*** Opening of Listed entries ***

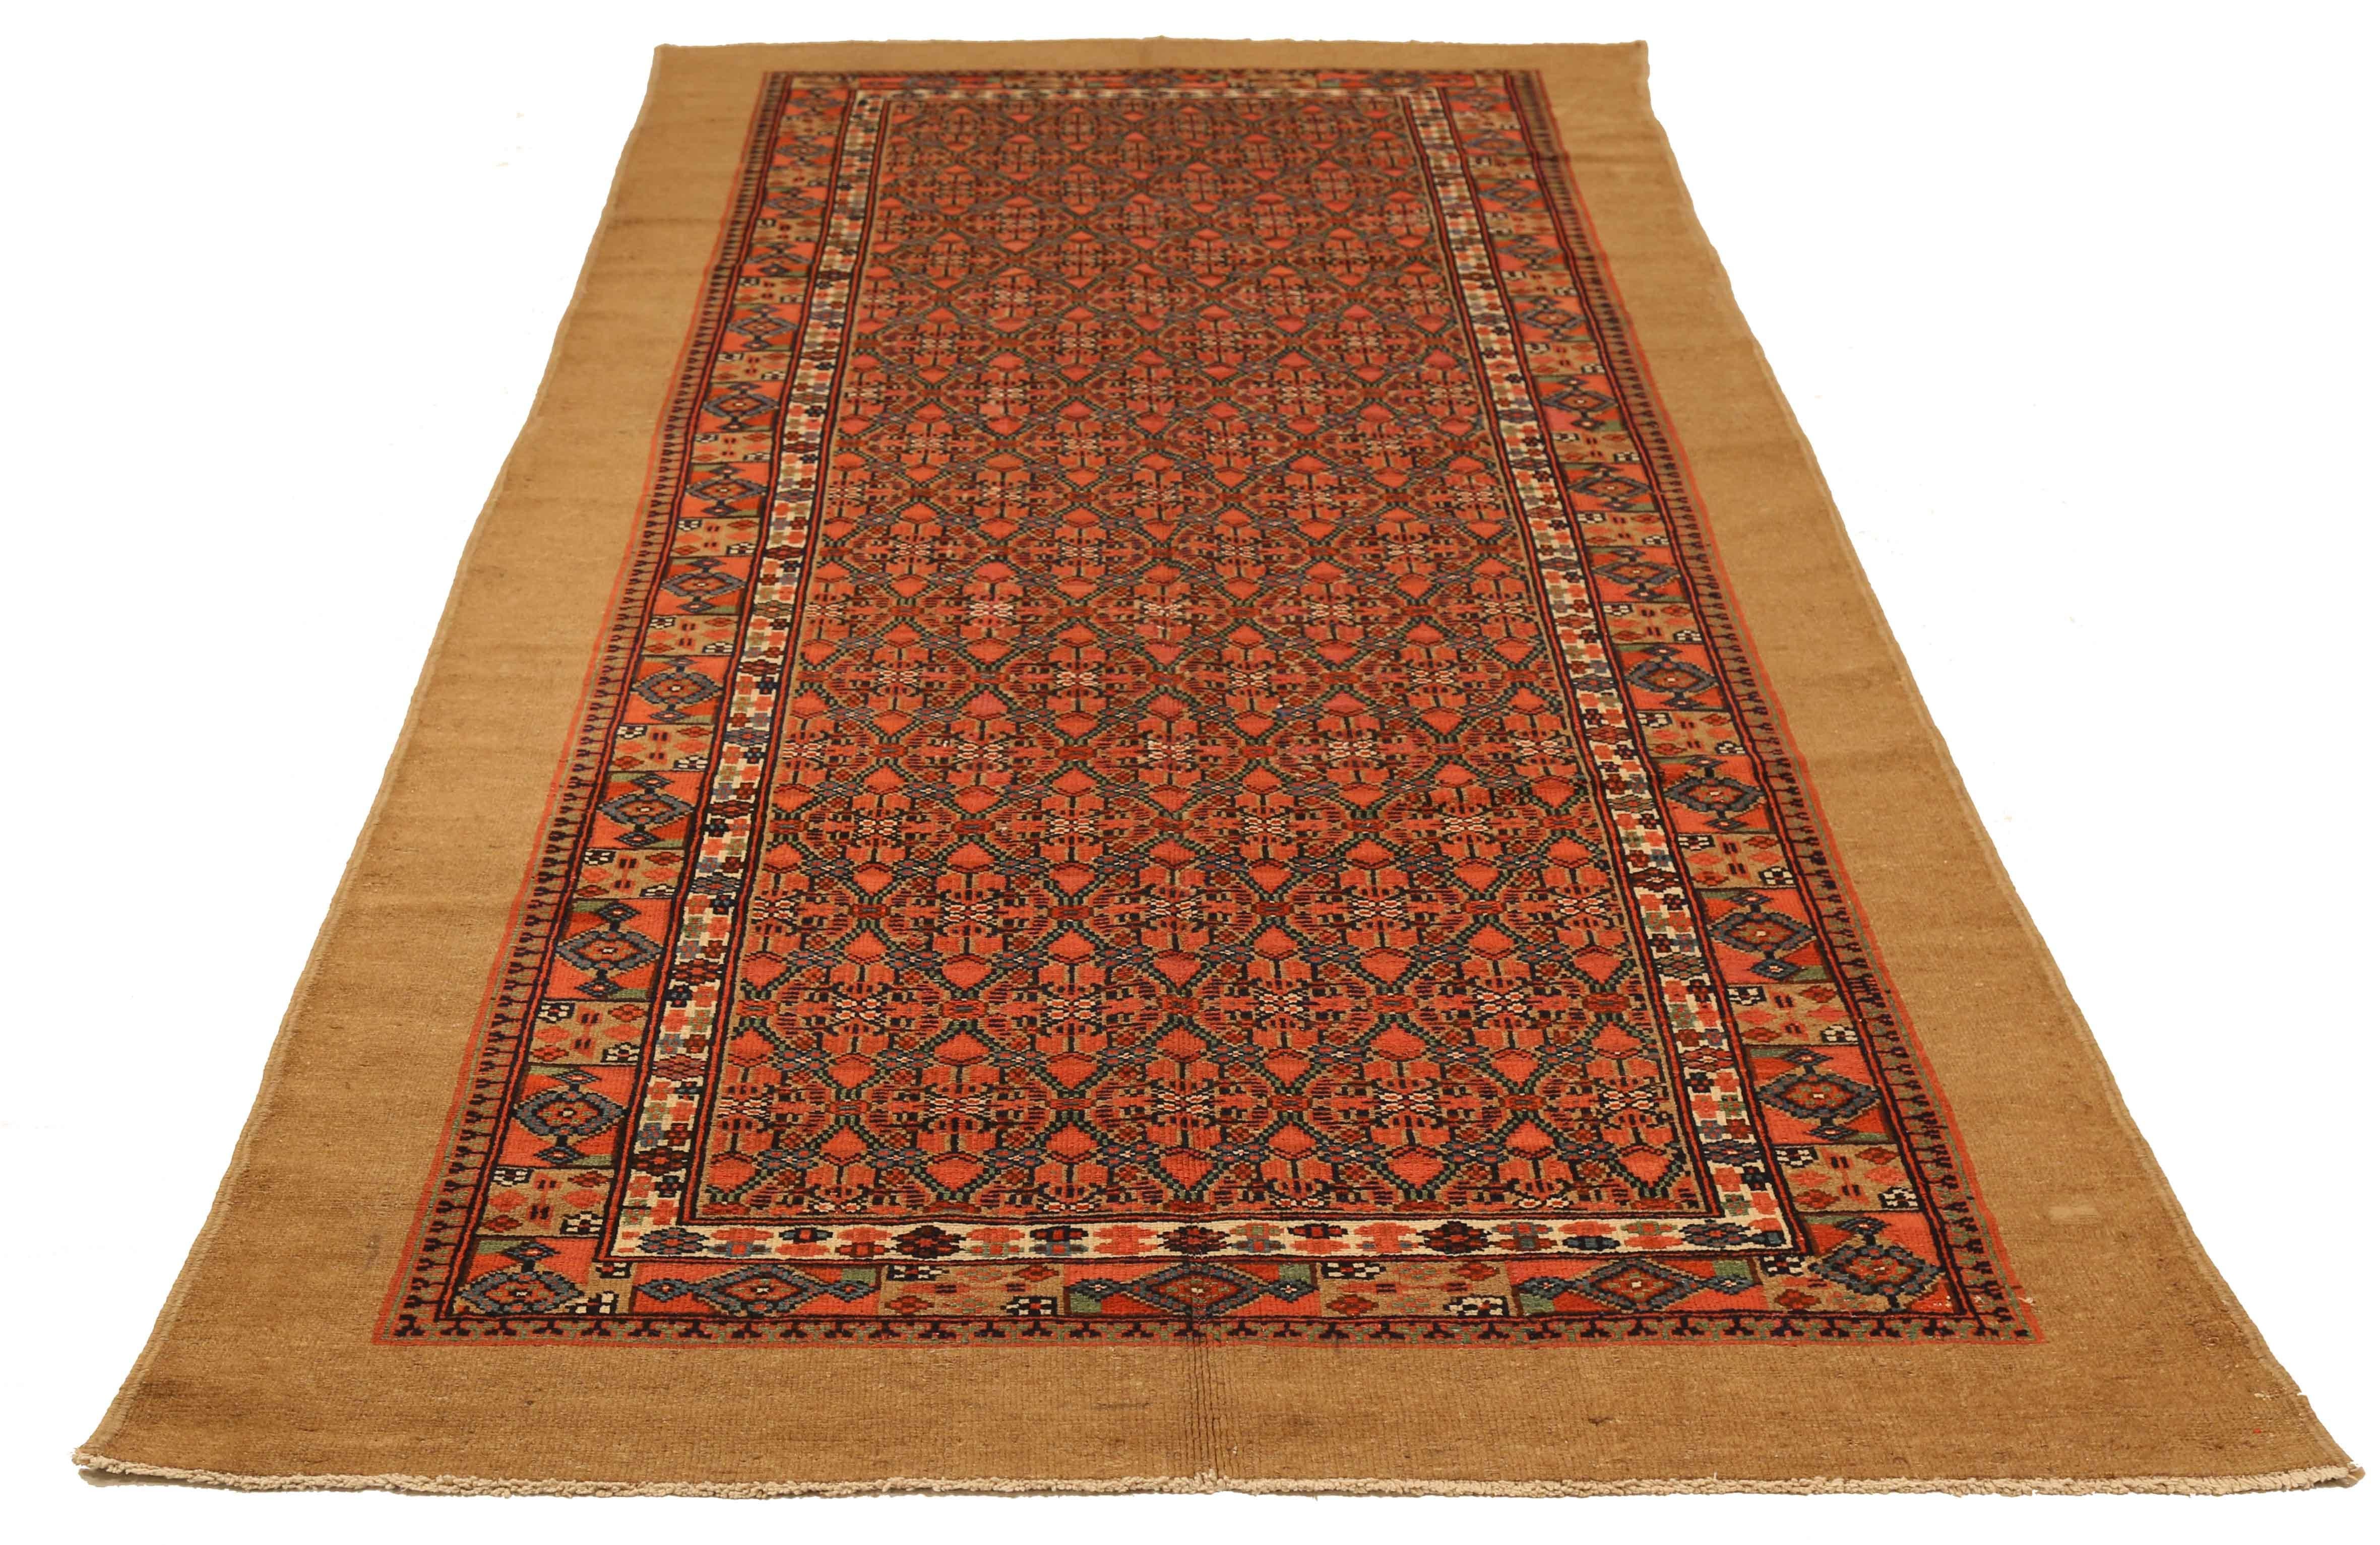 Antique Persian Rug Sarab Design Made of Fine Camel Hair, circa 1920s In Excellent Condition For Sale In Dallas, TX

*** Close of Listed entries ***
*** Opening of Listed entries ***

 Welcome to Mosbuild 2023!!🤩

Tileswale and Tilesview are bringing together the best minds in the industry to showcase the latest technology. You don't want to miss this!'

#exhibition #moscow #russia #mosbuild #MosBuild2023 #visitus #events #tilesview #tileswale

*** Close of Listed entries ***

Work instructions =
Would you please copy exactly the part of the entries above that begins at the line containing "Tileswale and Tilesview" and ends at the line containing "#exhibition #moscow #russia", both lines included?

Exercise output =
Tileswale and Tilesview are bringing together the best minds in the industry to showcase the latest technology. You don't want to miss this!'

#exhibition #moscow #russia #mosbuild #MosBuild2023 #visitus #events #tilesview #tileswale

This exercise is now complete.